For detailed approval design, use Human Approval Gates. In this chapter, approval is treated as a security control for high-risk authority.

Require approval for:

money movement;
account changes;
customer communication at scale;
production infrastructure changes;
legal, medical, or compliance decisions;
deletion or irreversible writes;
broad data export;
privilege escalation.

Approval records should include the proposed action, evidence, policy result, approver, timestamp, and final tool call.

Security Observability

Security controls only help operators if they are visible. Record security events as first-class trace events:

identity verification result;
token issuer, audience, subject, tenant, and scopes after redaction;
TLS or mTLS service identity for cross-service calls;
policy decision, reason, and policy version;
sandbox start, limits, denied filesystem access, and denied network egress;
credential injection and credential refusal;
approval request, approval decision, and approver identity;
tool invocation, side-effect identifier, idempotency key, and stop reason;
redaction action and trace retention class.

Do not turn observability into a data leak. Raw tokens, private keys, secrets, full customer records, and unnecessary payloads should not appear in traces. The goal is to explain authority and behavior, not to duplicate sensitive data.

Security Evals

Test security controls before launch and after meaningful changes.

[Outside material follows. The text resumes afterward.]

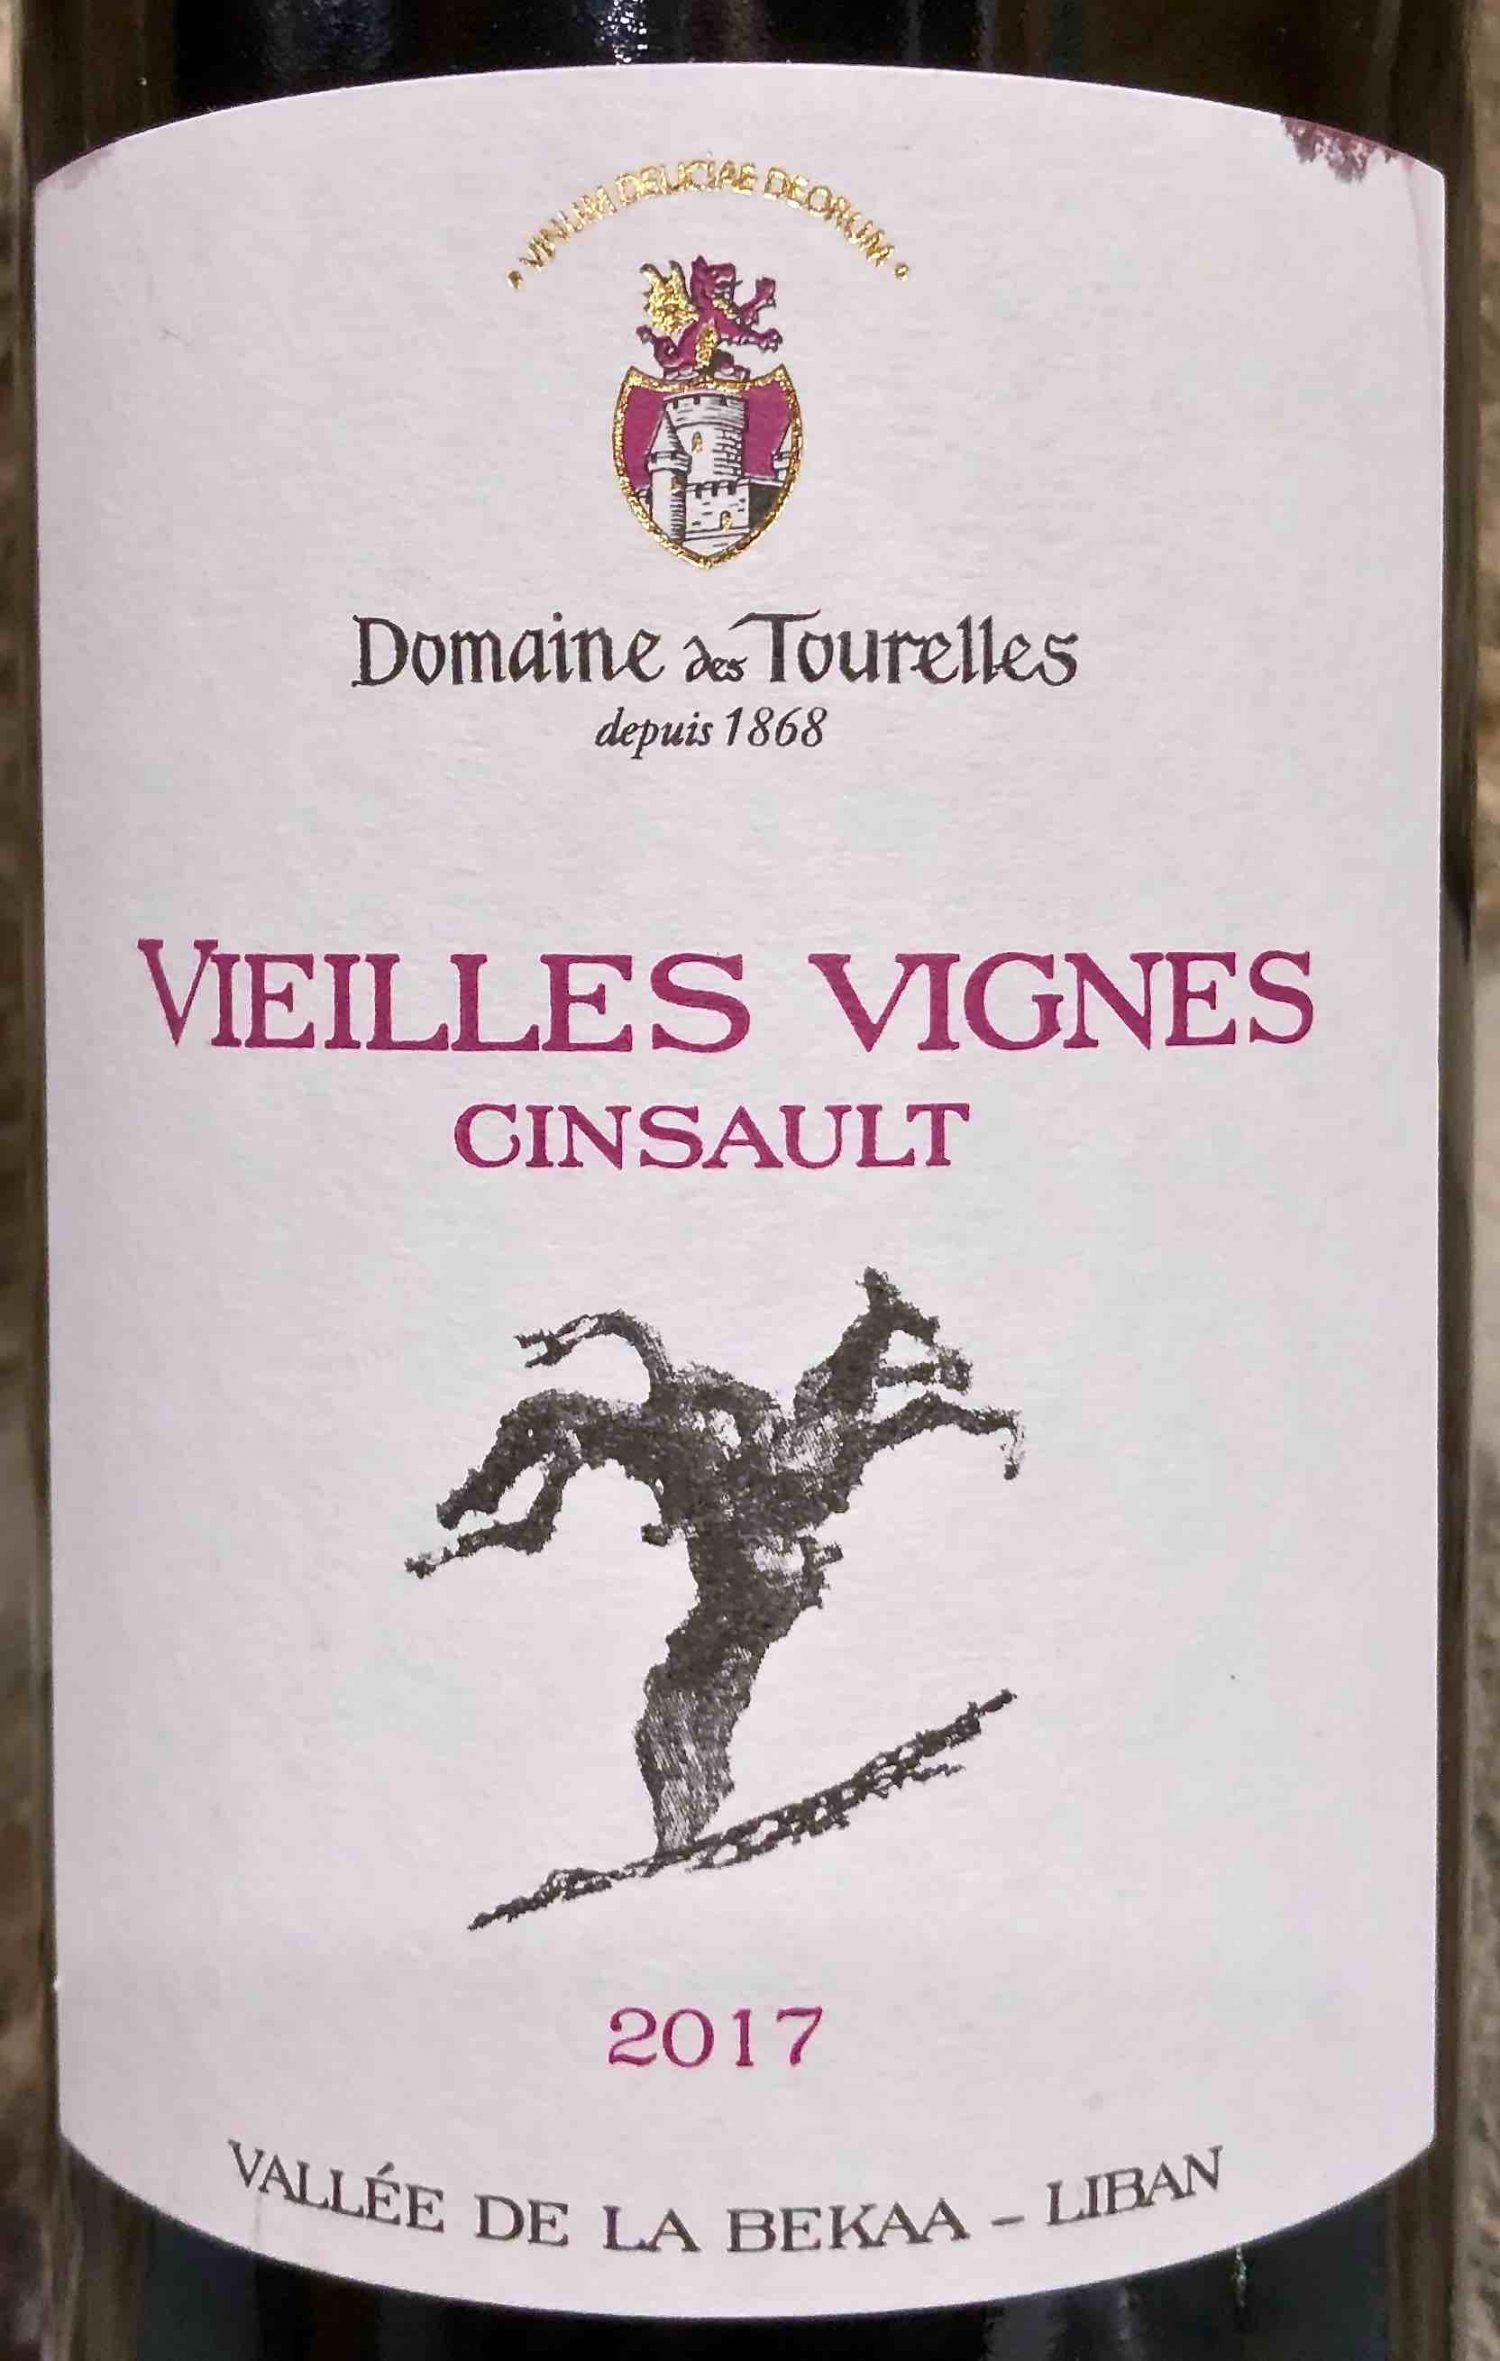 Domaine des Tourelles Cinsault VV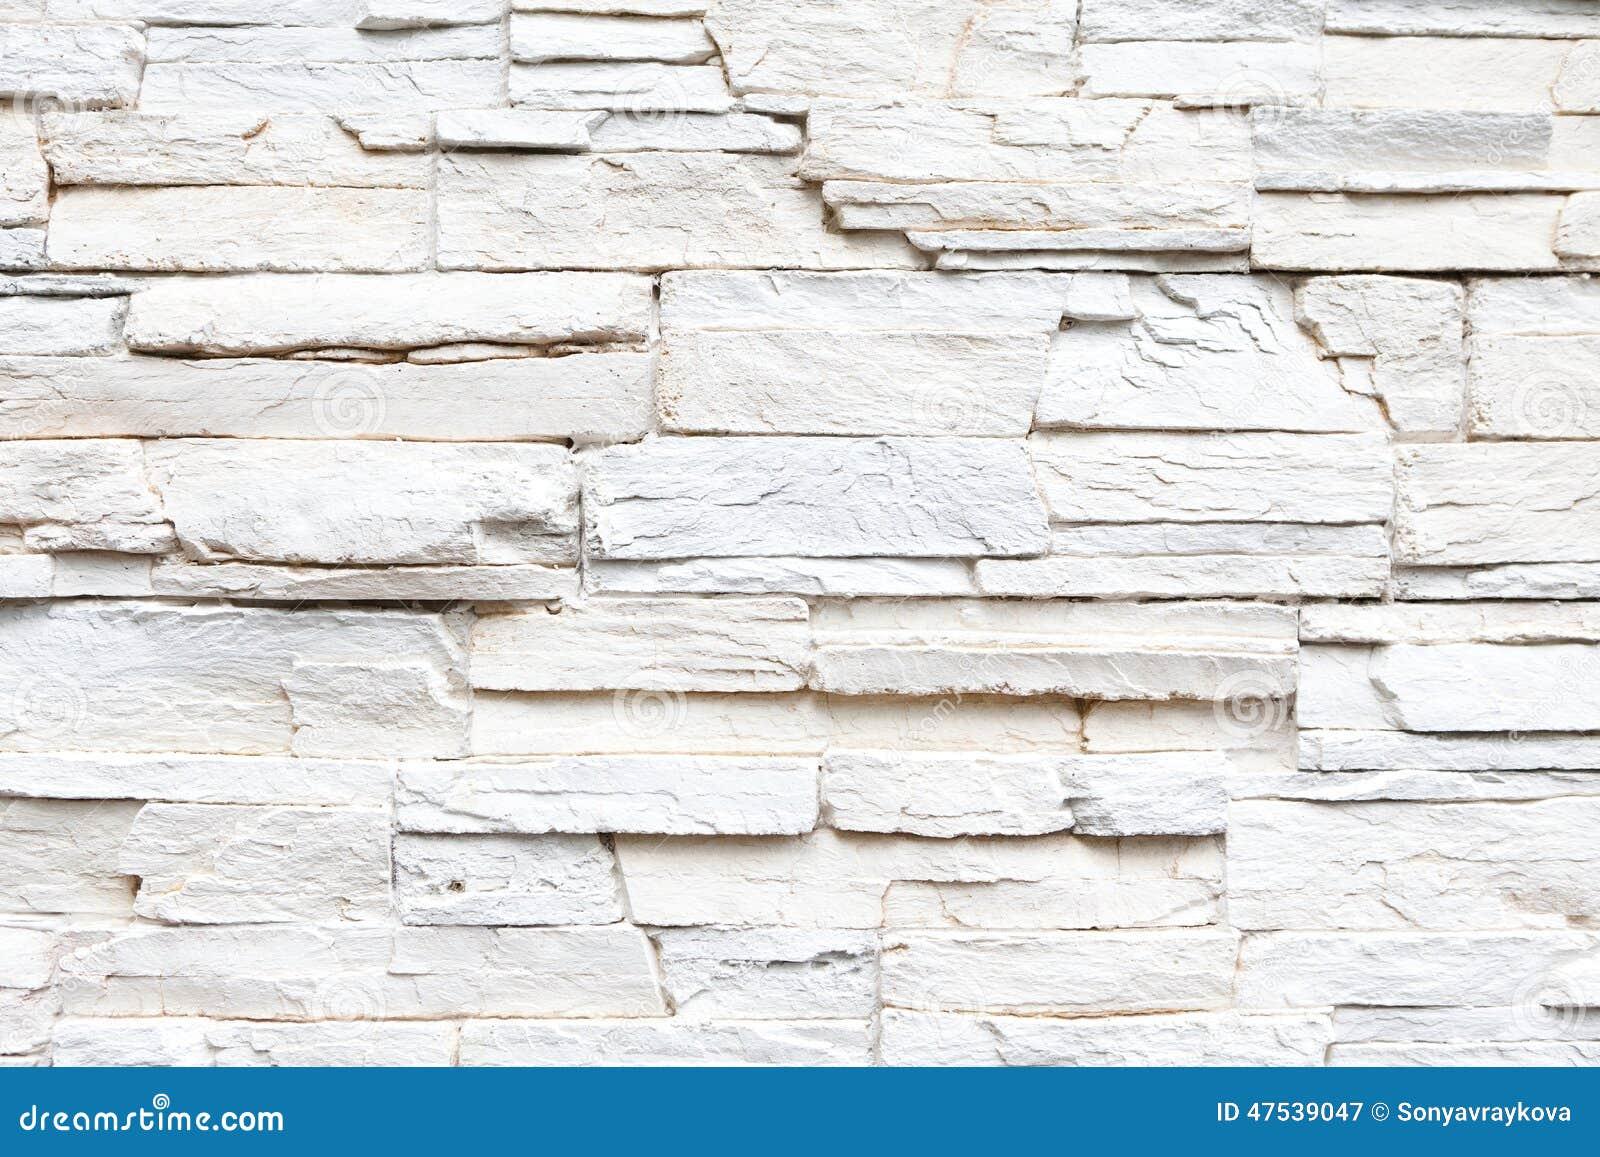 Weiße Steinwand weiß geschnittene steinwand stockbild - bild von hindernis, wand

Eval Case	Expected Behavior
Missing OAuth scope	Tool call is denied before execution and denial is traced.
Wrong token audience	Cross-agent request is rejected before payload processing.
Prompt injection in retrieved document	Agent treats content as data and does not change policy or destination.
Unapproved egress destination	Network call is blocked and recorded with trace ID.
Memory write contains private data	Write is denied, redacted, or routed for approval.
Tool requests broad credential	Runtime injects only scoped credential or denies the call.
Approval-required side effect	Workflow pauses before execution and records approval context.
Replay of old message	Idempotency or nonce check blocks duplicate action.
Browser tries private network	Request is denied before navigation or upload.
Code tries to read outside workspace	Filesystem access is denied and traced.
Subagent asks for broader tools	Delegation is refused or routed for approval.
Trace contains raw token	Redaction test fails and blocks release.

Measure false allows, blocked unsafe tool calls, redaction failures, missing trace fields, unauthorized egress attempts, approval-routing accuracy, sandbox escape attempts, and time to investigate a security incident.

Incident Response

Plan for agent incidents before launch. The team should already know how to disable a tool or a route, roll back a prompt or policy, revoke credentials, quarantine memory, inspect traces, notify affected users, and turn the incident into evals. If the response requires code archaeology in the middle of an incident, the system is not operationally ready.

Security incident response should include identity and credential actions: revoke tokens, rotate secrets, disable service accounts, invalidate message nonces, quarantine affected traces, and preserve enough audit evidence to explain the run.